Artificial intelligence is rapidly becoming an integral part of modern enterprise operations, with 92 percent of IT leaders actively investing in AI to advance their data and analytics initiatives. The sharp uptick in these types of initiatives means that the need for high-quality data is higher than ever.
Organisations looking to fuel their AI and advanced analytics must be able to identify and leverage their most valuable datasets. For many, this means tapping into their long-standing core transactional systems which were never designed with these newer technologies in mind. As enterprise operations evolve, the ability to harness data is also growing in complexity, presenting a new challenge for organisations on their innovation journeys.
The symptoms of this challenge often materialise in poor data integrity, fragmented governance and data silos, all of which create roadblocks to efficient data processing. These are some of the most common reasons behind AI and analytical solutions failing to translate into meaningful business outcomes.
The data accessibility challenge
For many enterprises, their mainframes house decades’ worth of critical, high-quality data, functioning as a repository of historical operational and customer interactions. However, only a small fraction of IT leaders extensively leverage this valuable resource in their data-driven initiatives. The reason behind this is that integrating this data with modern AI systems presents significant accessibility challenges. Indeed, 44 percent of enterprises surveyed by IDC reported issues with technology gaps or incompatibilities when considering migration or modernisation of mainframe applications.
Even when challenges are resolved, there are still questions to be answered around the provenance of the data. Where does it come from? Has it been altered or manipulated in any way? Is it maintained in line with the appropriate data governance practices? AI systems are only as trustworthy as the data that powers them, so IT leaders must be able to answer these questions with confidence, otherwise they risk the data used to fuel the decision-making capabilities of the AI solution being unreliable.
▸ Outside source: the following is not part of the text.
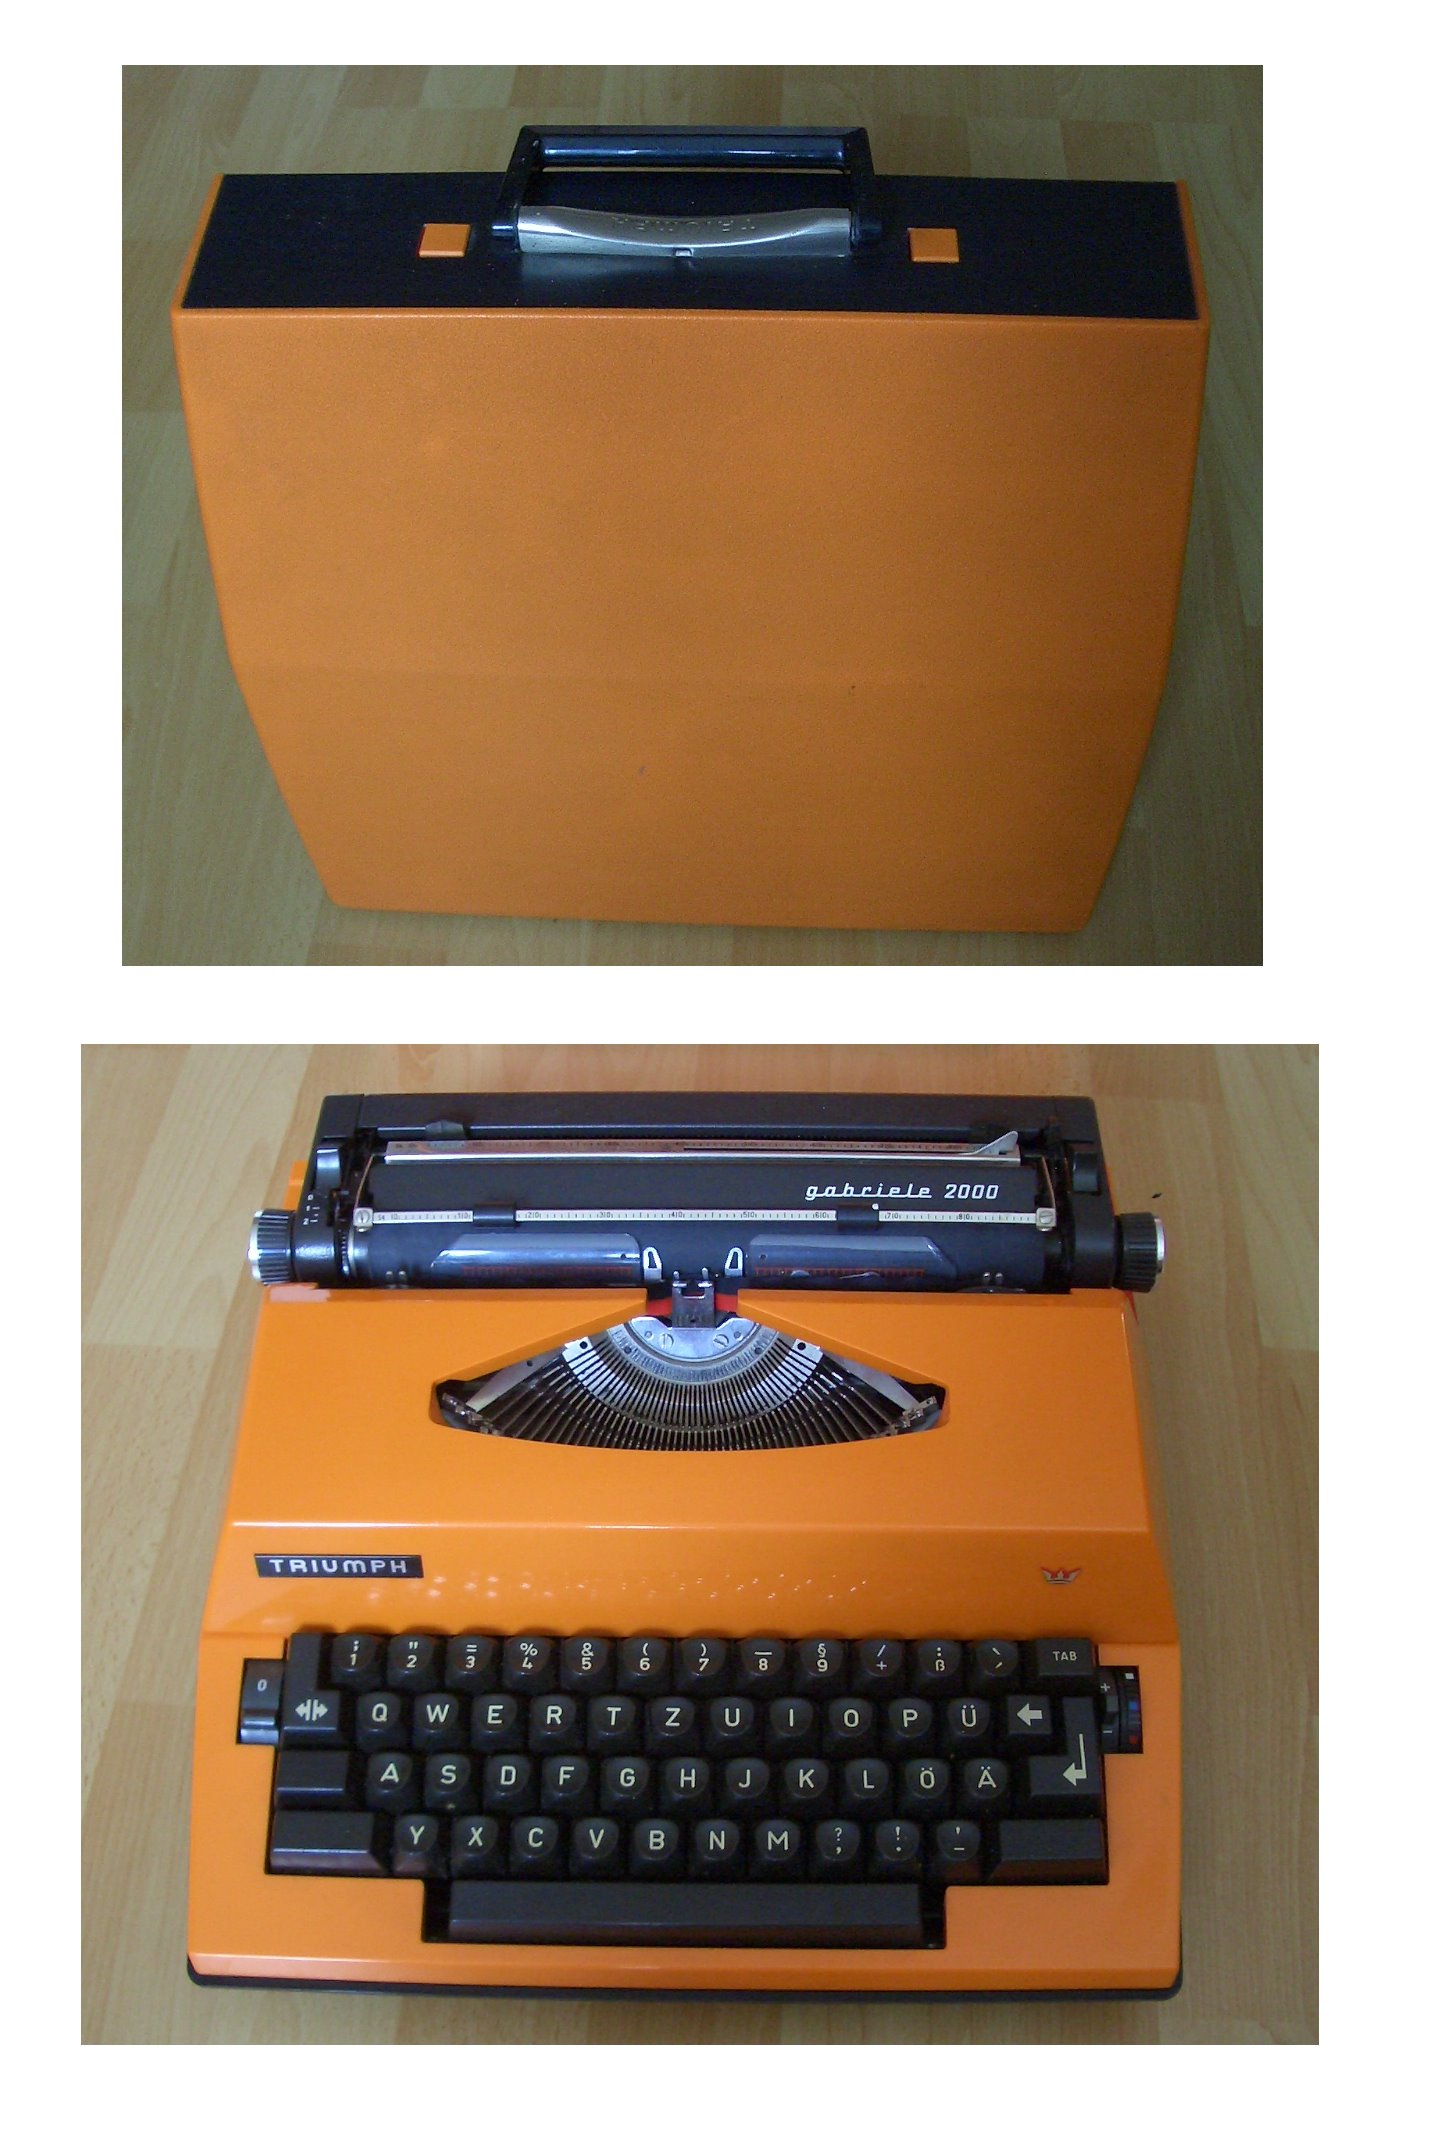 Schreibmaschine - SchlossHeld, das Portal für Schlüsseldienste

A new era of data governance
In the face of quickly evolving regulations, the role of governance has expanded well beyond compliance to become a strategic necessity. Every business that handles sensitive data needs to contend with the reality of potential data breaches and cyberattacks. This necessitates a strong security posture and risk management practices which are all built around robust data governance. Static controls and “one and done” reviews are no longer enough. These new frameworks demand continuous visibility into how data flows across the enterprise.
Effective data governance requires a framework that safeguards data integrity at every stage of the lifecycle. That includes ensuring accuracy, consistency, and reliability, while also providing end-to-end lineage tracking, metadata management, and routine validation. As data moves across systems and is transformed, synchronised, duplicated, and moved to where AI applications need it, it must remain accessible, trusted, and actionable.
Modern data management solutions embed these safeguards directly into enterprise workflows. Automated lineage, embedded access controls, audit logging, and compliance frameworks help organisations meet regulatory requirements and strengthen confidence in AI-driven insights.
By treating data protection as the foundation of AI adoption rather than an afterthought, enterprises can scale their AI initiatives while maintaining the trust and security essential for long-term success.
Taking analytics to the next level with mainframe data
Advanced analytics and AI solutions feed off the same thing: data. In order to both reduce the risk associated with innovation and maximise the ROI of their shiny new tools, organisations must leverage their mainframe data with a clear, strategic mindset. The potential benefits are many, ranging from improved decision-making capabilities to increased visibility into operational efficiency, and real-time competitive insights. On the tactical level, this means finding those modern integration tools that help address the challenges around data governance and boost visibility within enterprise environments.
Part of the challenge lies in the reality that no two organisations or modernisation strategies are the same. Some leaders prefer pre-built solutions, while others attempt to adapt existing systems, but there is no one-size-fits-all approach. And while many business leaders understand the critical importance of their mainframe data, navigating through the process remains a sticking point.
Practical challenges such as data retrieval, security, compliance, and scalability frequently complicate integration efforts. At the same time, perceived obstacles often amplify the hesitation, making the process daunting and even risky. As a result, organisations may delay or abandon initiatives altogether, even as some competitors push ahead with multiple projects in parallel.
Overcoming these challenges requires not just technical expertise, but also a shift in mindset. By approaching integration strategically and adopting modern tools that bridge mainframe and cloud environments, enterprises can move beyond roadblocks and begin fully leveraging their data. There is much to gain: more accurate AI models, richer analytics that meaningfully inform business decisions, and insights that drive a stronger competitive advantage.